— Помочь надо, — сказал дозорный, посмотрев на командира. И тот взял его автомат, навел на неизвестного.
Дозорный выпрыгнул из окопа. Вон он уже склонился над человеком… Бережно взял его на руки… Возвращается…
Луч карманного фонарика осветил лицо неизвестного. Оно было иссиня-белым. А бескровные губы все шевелились, силясь сказать что-то.
— Федька Носков! — вырвалось у дозорного. — Вместе на торпедных катерах служили.

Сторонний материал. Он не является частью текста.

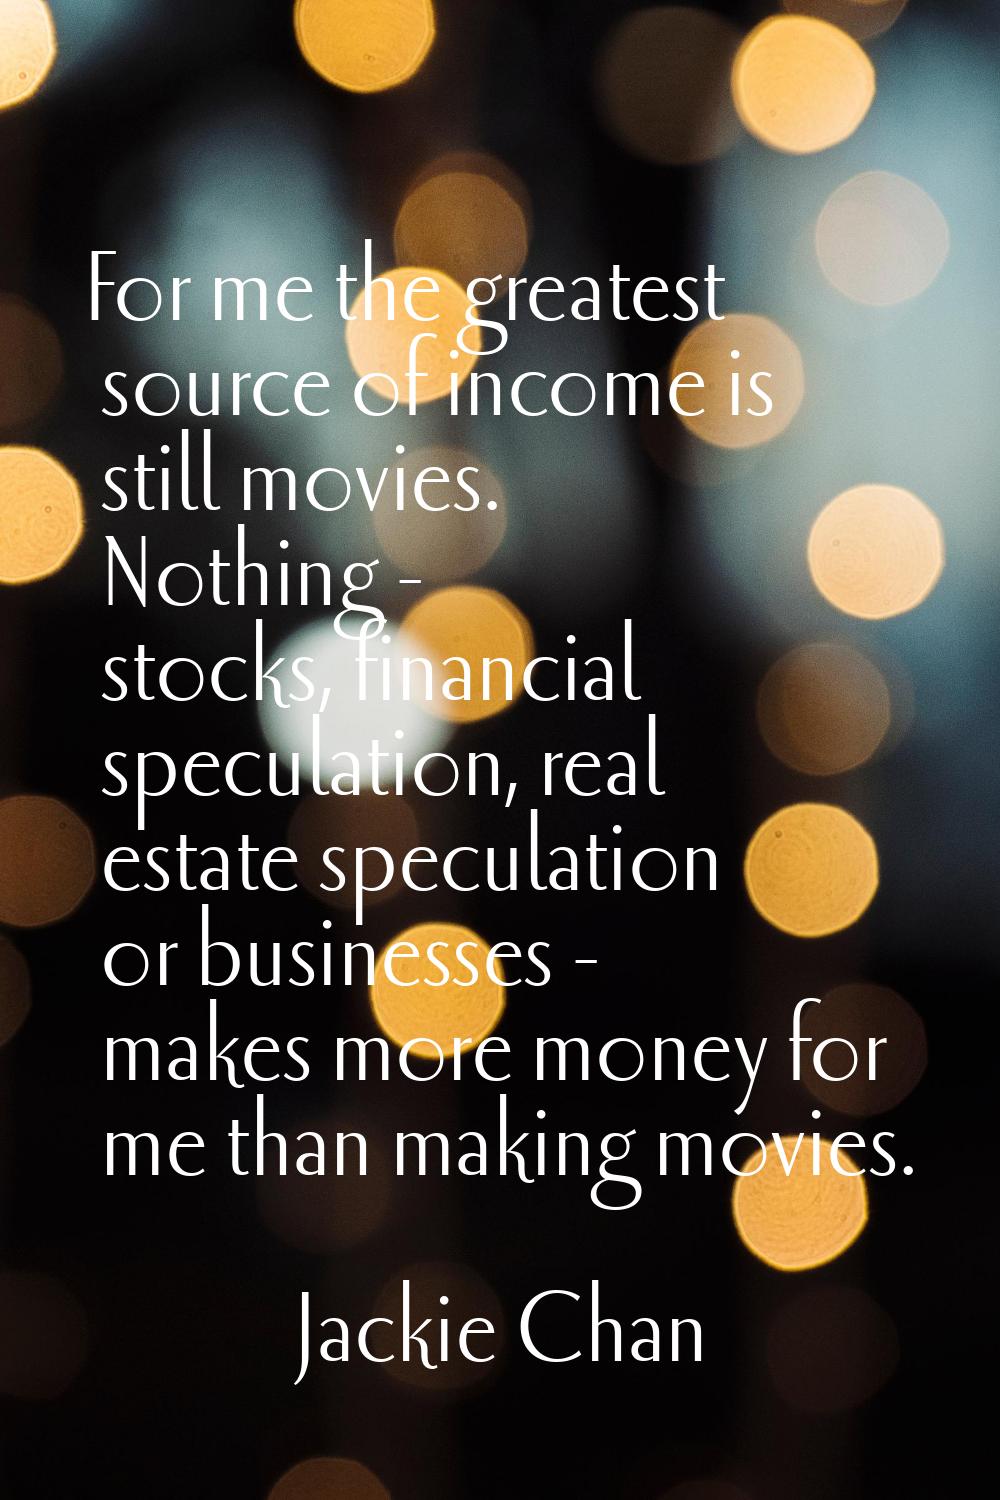 For me the greatest source of income is still movies. Nothing - stocks, financial speculation, real

Командиру стало ясно, что не случайно оказался здесь этот матрос, и он приказал:
— Обыщите!
В это время Носков открыл глаза. Сначала в них не было ничего, кроме безмерной усталости, потом мелькнуло подобие мысли, она переросла в тихую радость.
— Отходите… К полку…
Все ждали, не скажет ли он еще что-нибудь, но Федор молчал. Матросы хотели влить ему в рот вина, но врач строго сказал:
— Ему больше ничего не нужно.
С минуту все молча стояли, обнажив головы. Много смертей повидали матросы батальона. Но эта была особая: без жаркой рукопашной схватки, без грома выстрелов. Свидетелями исключительной смерти они стали. И не золотили лучи солнца лицо Федора Носкова, не пытались приподнять его веки (не взошло еще солнце), не рассыпали в небе трели жаворонки (грохот войны выжил их из этой степи). Зато, когда батальон начал отход, рядом со знаменем четыре матроса осторожно несли тело Федора Носкова.
С тех пор минули десятилетия. И все те годы, независимо от погоды, выстраивались вдоль пирса моряки-черноморцы. На вечернюю поверку выстраивались парни, родившиеся после окончания Великой Отечественной войны. И старшина неизменно торжественно и в то же время призывно звал:
— Матрос Федор Носков!
Шелестели ленточки бескозырок. Ласково или гневно плескалось море.
И каждый раз громко и четко отвечал правофланговый:
— Матрос Федор Носков пал смертью храбрых в боях за честь, свободу и независимость нашей Родины!